Other council members echoed Jones sentiments, saying that the process and the selection of someone from outside of the districts would give the public the right to choose their representative in 2020.

“I do hope to avoid creating that inherent incumbency somebody gets by being appointed, it is a very large advantage,” newly elected City Councilman Randy Walton said. “I would prefer that it is truly the public’s choice for who they get to pick for those two districts.”

Petrek said after joining the council on the dais that he will not run in two years. 

San Marcos received 24 applications for the position, a list that included current planning commissioners, a state assembly candidate, an FBI agent, a former City Councilman and business owners. 

Petrek worked his way up Escondido’s ranks since 1984 to the position of community development director before being selected as the city’s assistant city manager in 2016.

San Marcos City Attorney Helen Holmes Peak said that Petrek’s employment with Escondido doesn’t pose a conflict of interest because he isn’t directly involved with any financial decisions that would impact his appointed and employed positions. 

A San Marcos resident for 25 years, Petrek served on several school district committees, including the budget oversight, curriculum, overcrowding and Proposition K steering committees. He was appointed to the school board in 2006 and elected in 2008 and served until 2016, when he did not seek re-election. 

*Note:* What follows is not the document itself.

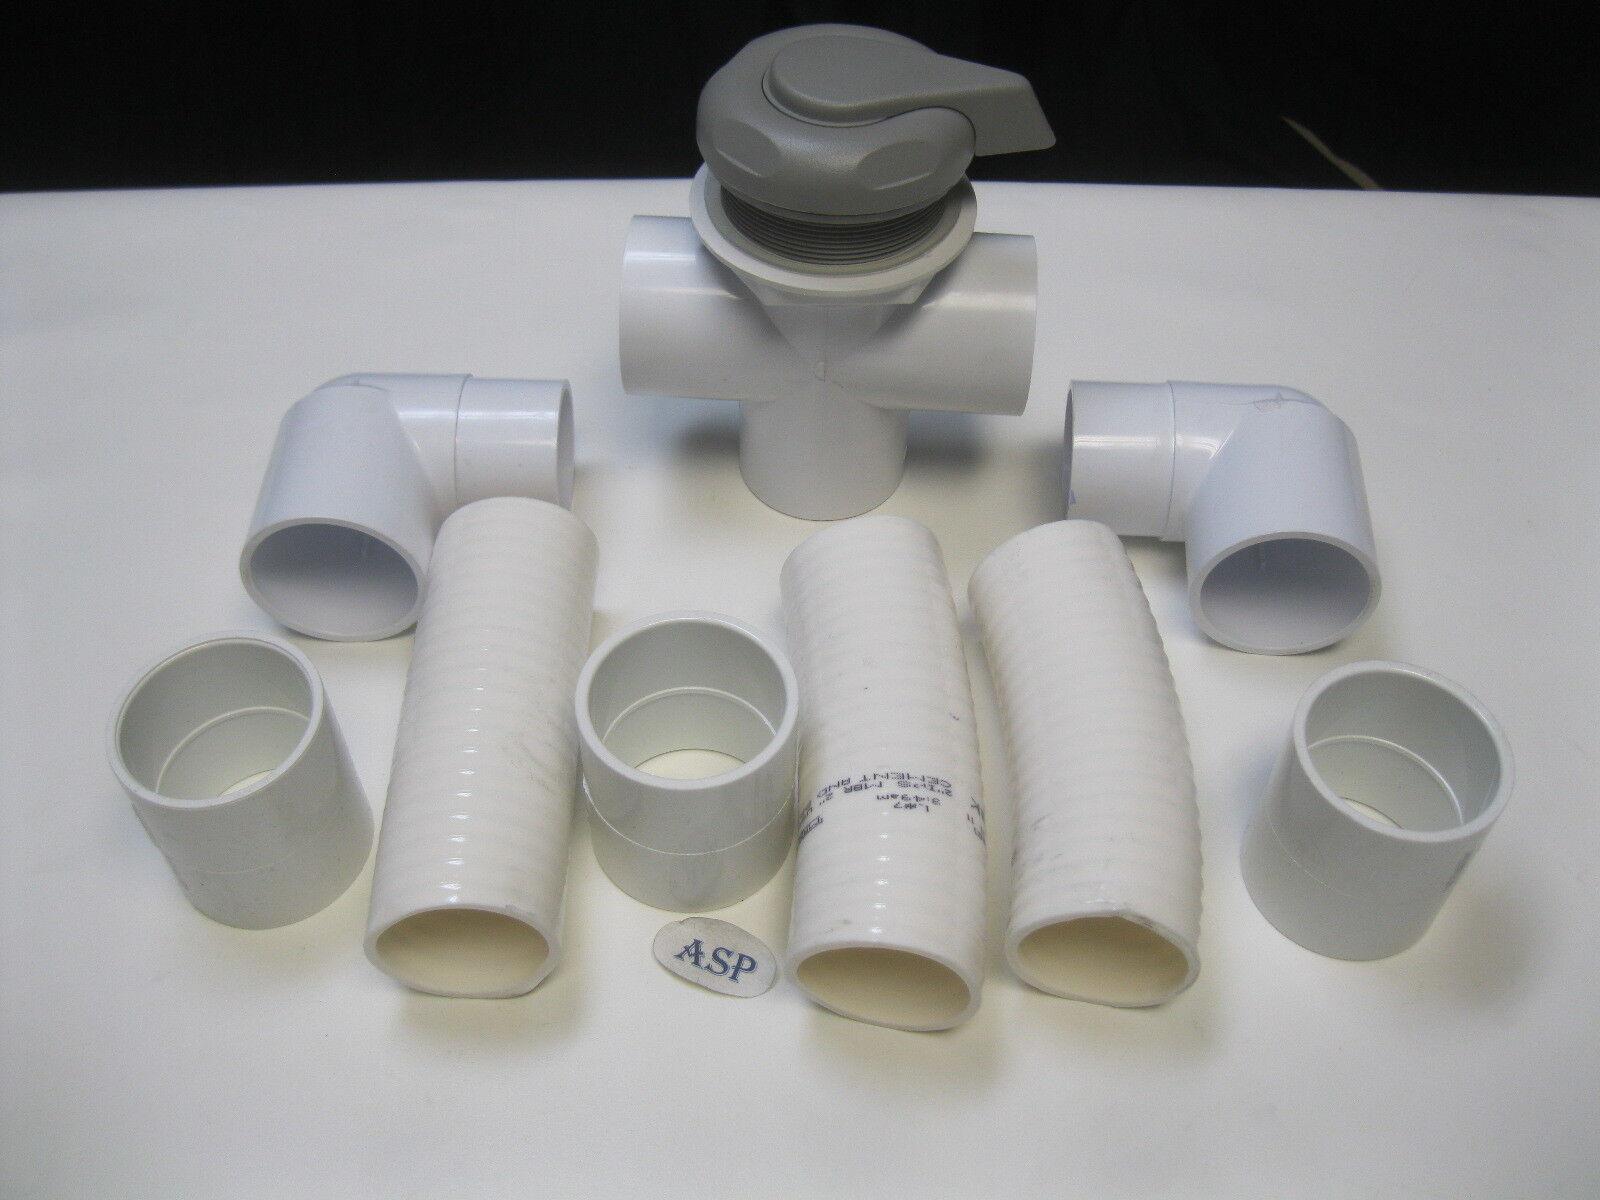 Spa Hot Tub Diverter Handle Knob 4 Long 2 Wide Gray

Last year, he chaired the school board committee that helped realign the school district’s enrollment boundaries. 

“As a volunteer and elected I have had opportunity to listen, to learn and appreciate the diverse perspectives of our community, be a team player, collaborative and results oriented,” Petrek said in his interview for the council position. 

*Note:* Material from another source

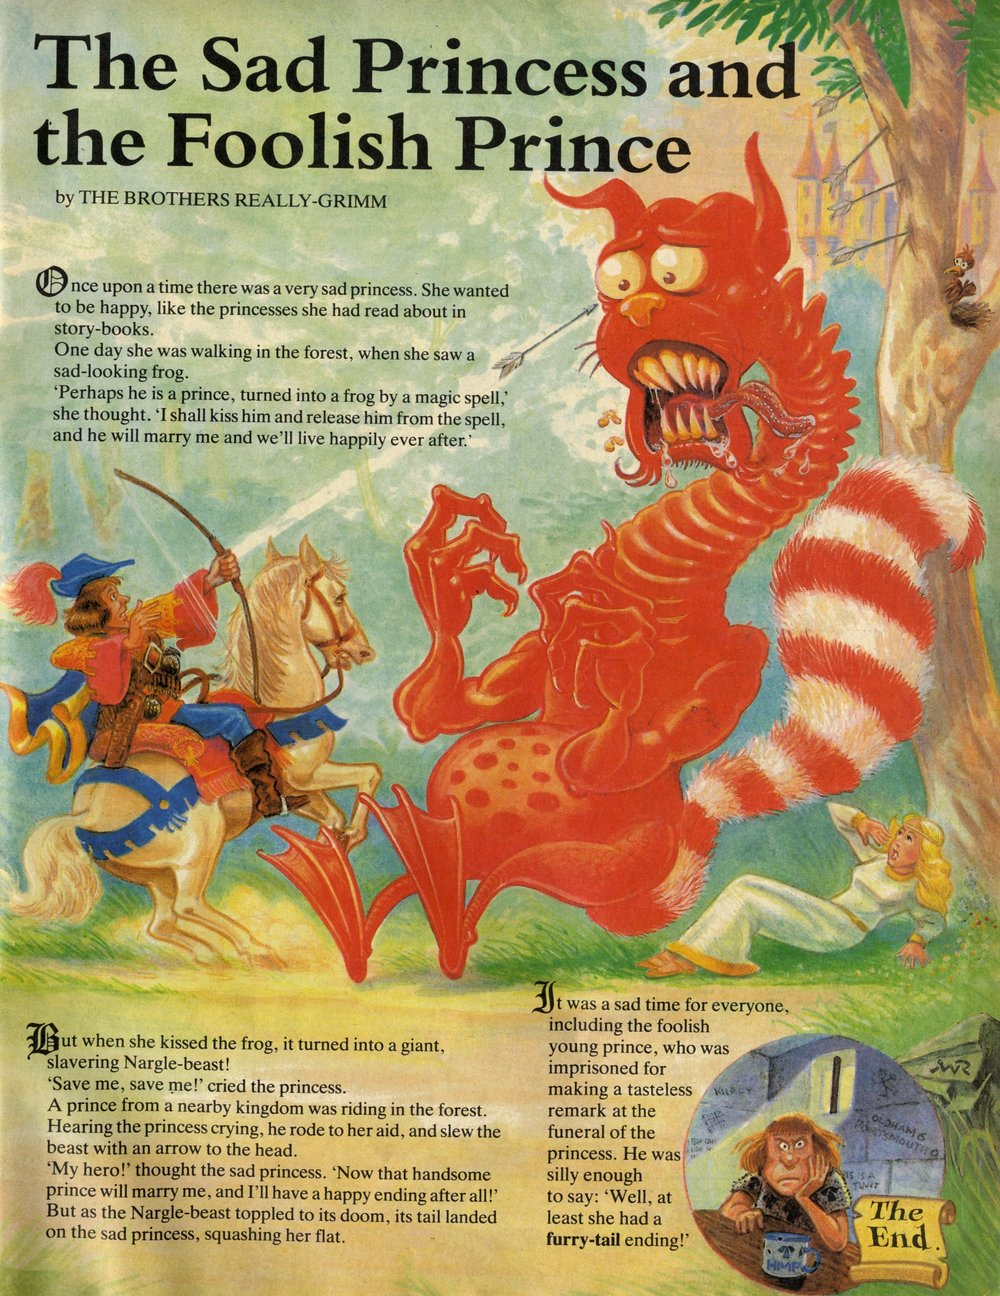 The Sad Princess and the Foolish Prince: creators unknown

Petrek said that his guiding principles on governance are to be “clean, safe and efficient.”

“It may sound simplistic but I think the public interest is best served when local leadership makes sound decisions and promote a safe environment, clean and attractive public and private projects that advance the community vision and stewardship of community assets and infrastructure in an efficient manner using updated technology,” he said. 

Several residents spoke in support of alternate Planning Commissioner Dimitris Magemeneas and State Assembly candidate Alan Geraci at the Jan. 15 meeting.